In the recent case (Undisclosed v. ICBC) the claimants were awarded damages in a Washington State trial. The Defendant was underinsured. When the Claimants applied to ICBC for payment they needed to re-try the value of their cases pursuant to BC law. Although their damages were assessed at a far lesser value than they were in the Washington State trial, they nonetheless were successful in proving their damage claims. The Claimants relied on much of the same evidence in the ICBC UMP hearing as they did in the initial trial.

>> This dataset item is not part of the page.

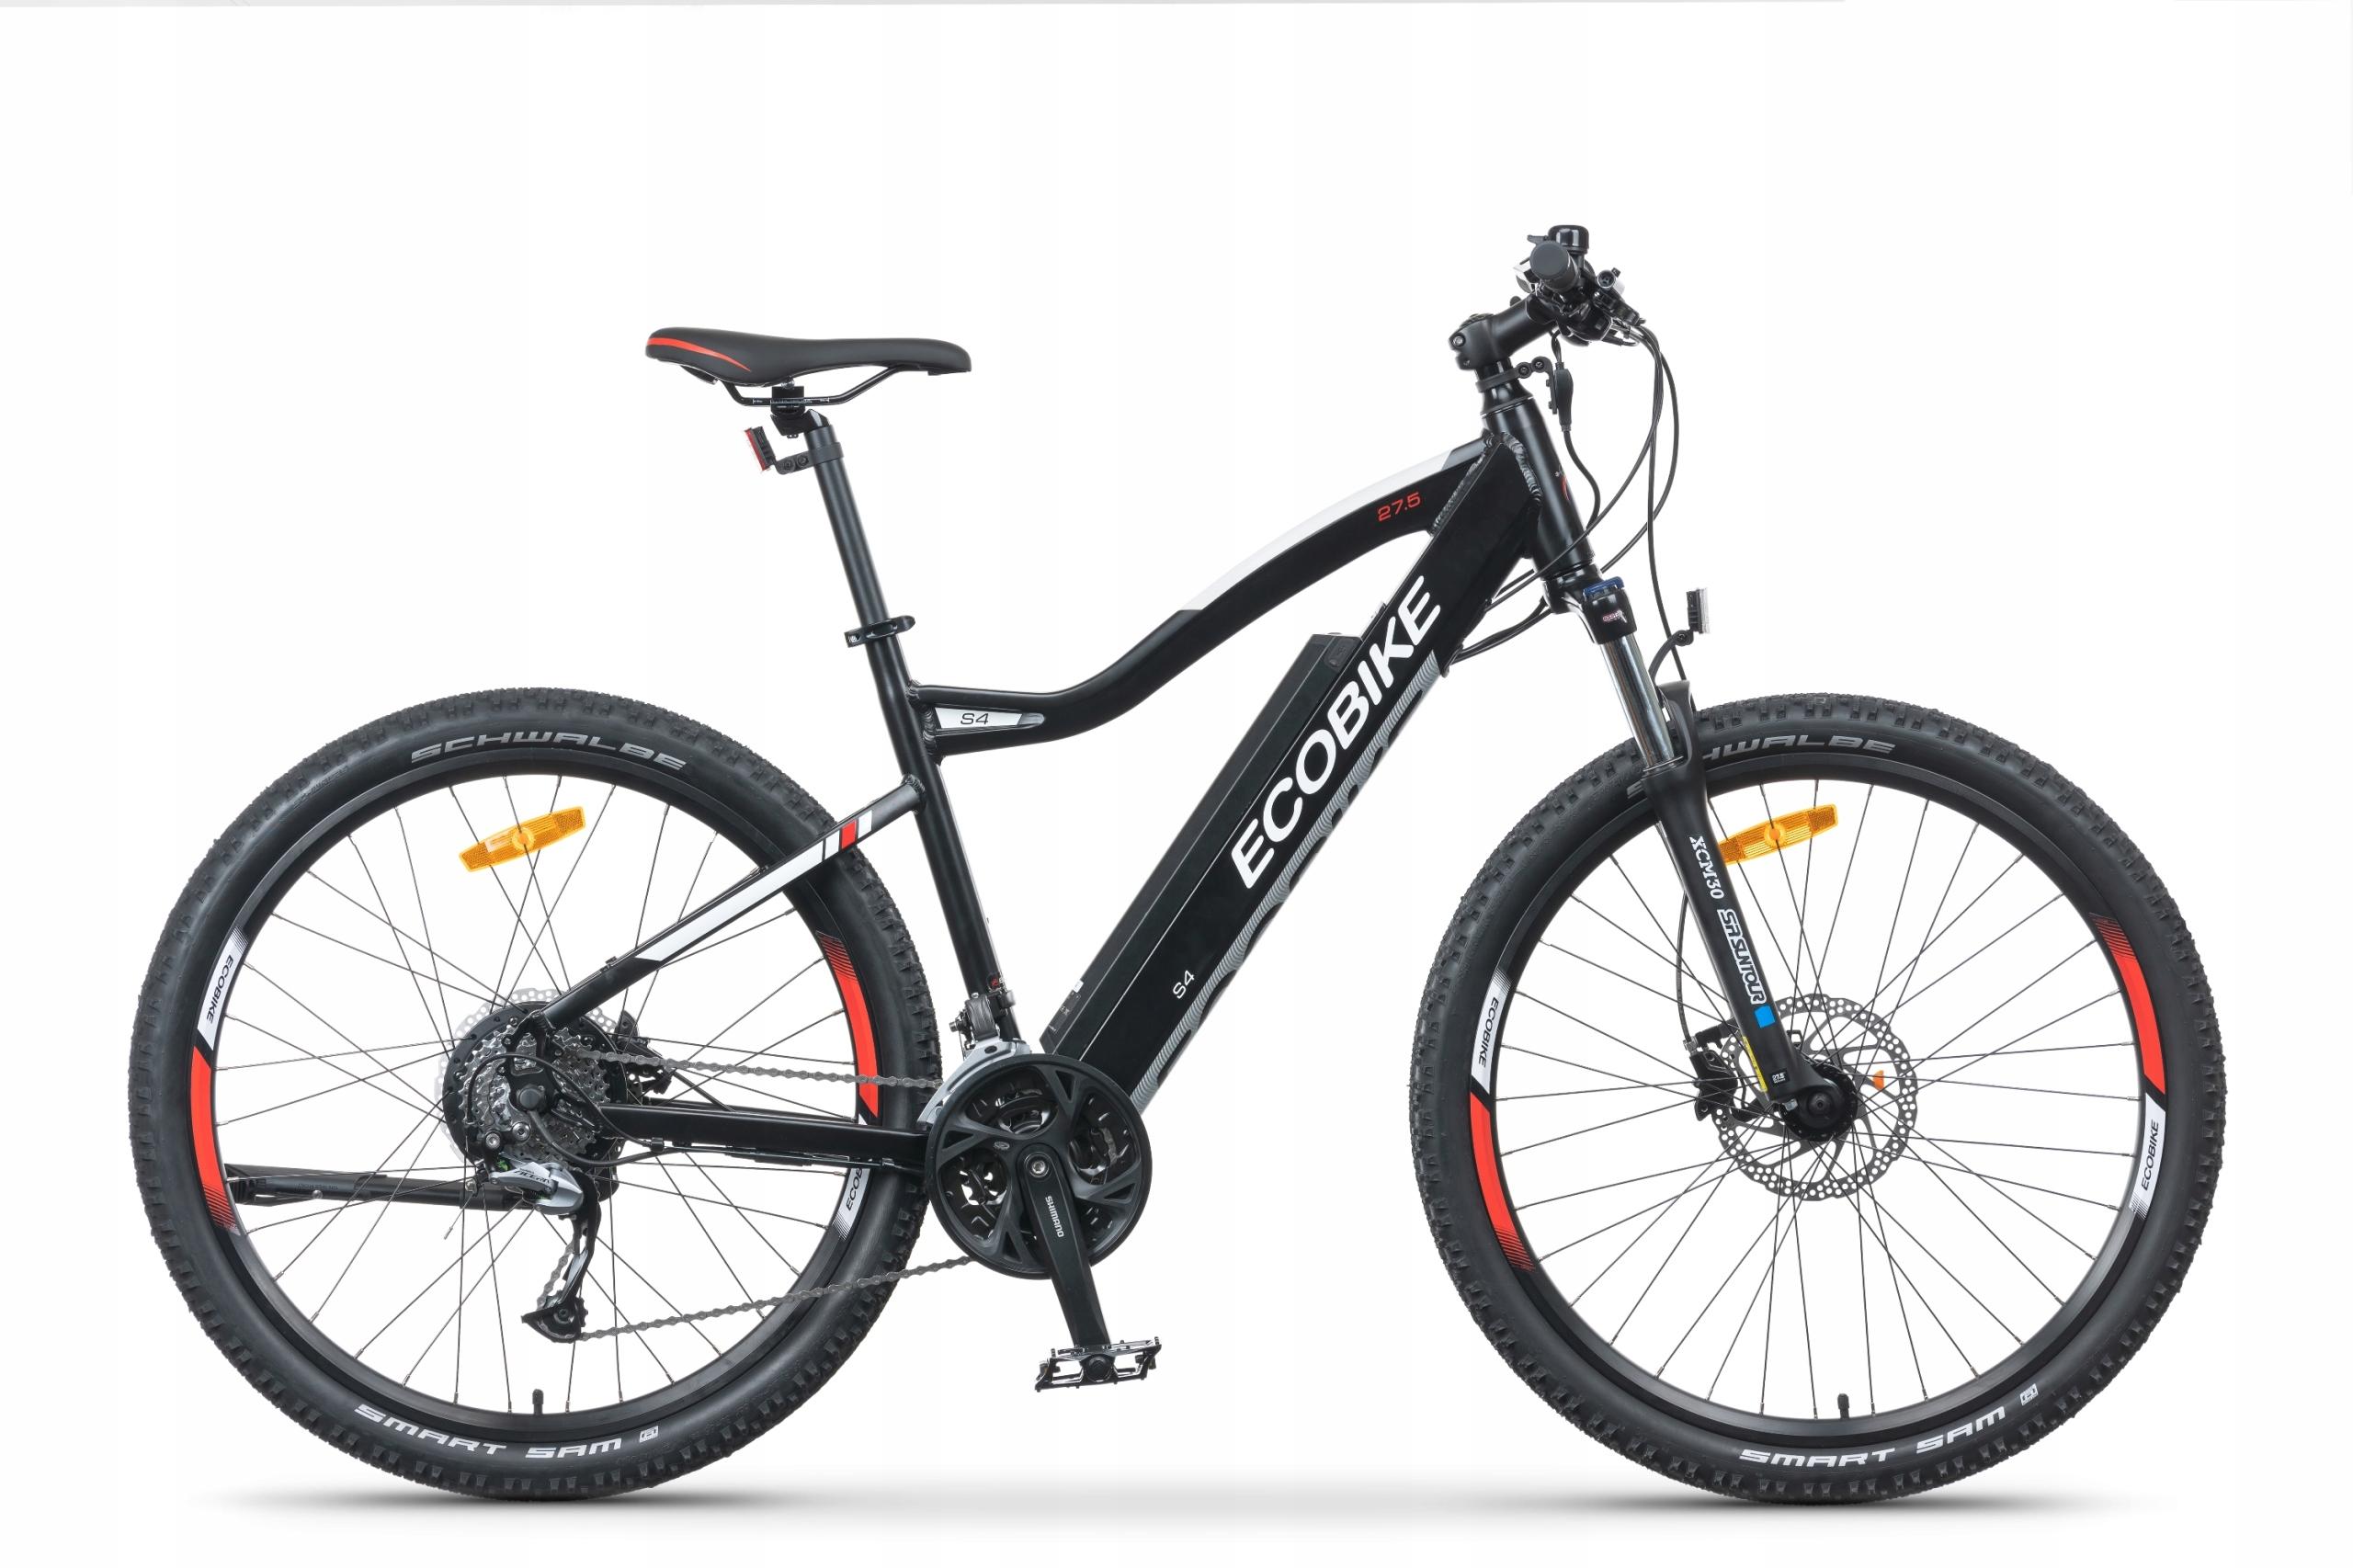 велосипед электрический ECOBIKE S4 для 35 kmh 540W 10,4Ah

Following arbitration the Claimants applied for an order that ICBC pay for their disbursements incurred in proving their damages claim. ICBC opposed arguing that the arbitrator “has no jurisdiction to award costs that would include legal fees ad disbursements in the Washington State action“. While arbitrator Camp agreed “with this bald assertion” he went on to find that he could award disbursements even for items initially used in the Washington State trial. In so concluding Arbitrator Camp provided the following reasons:
19. Dealing first with the issue of the nature of costs that I can properly award, I find that as a result of section 148.2(2) and section 148.2(3) of the Regulation, I am constrained to only awarding party and party costs and I am not permitted to award actual reasonable legal fees as specified in section 11(2)(a) of the Commercial Arbitration Act. The parties agreed that the jurisprudence stemming from the Rules pertaining to costs (now Rule 14) ought to be applied mutatis mutandus to the UMP arbitration process…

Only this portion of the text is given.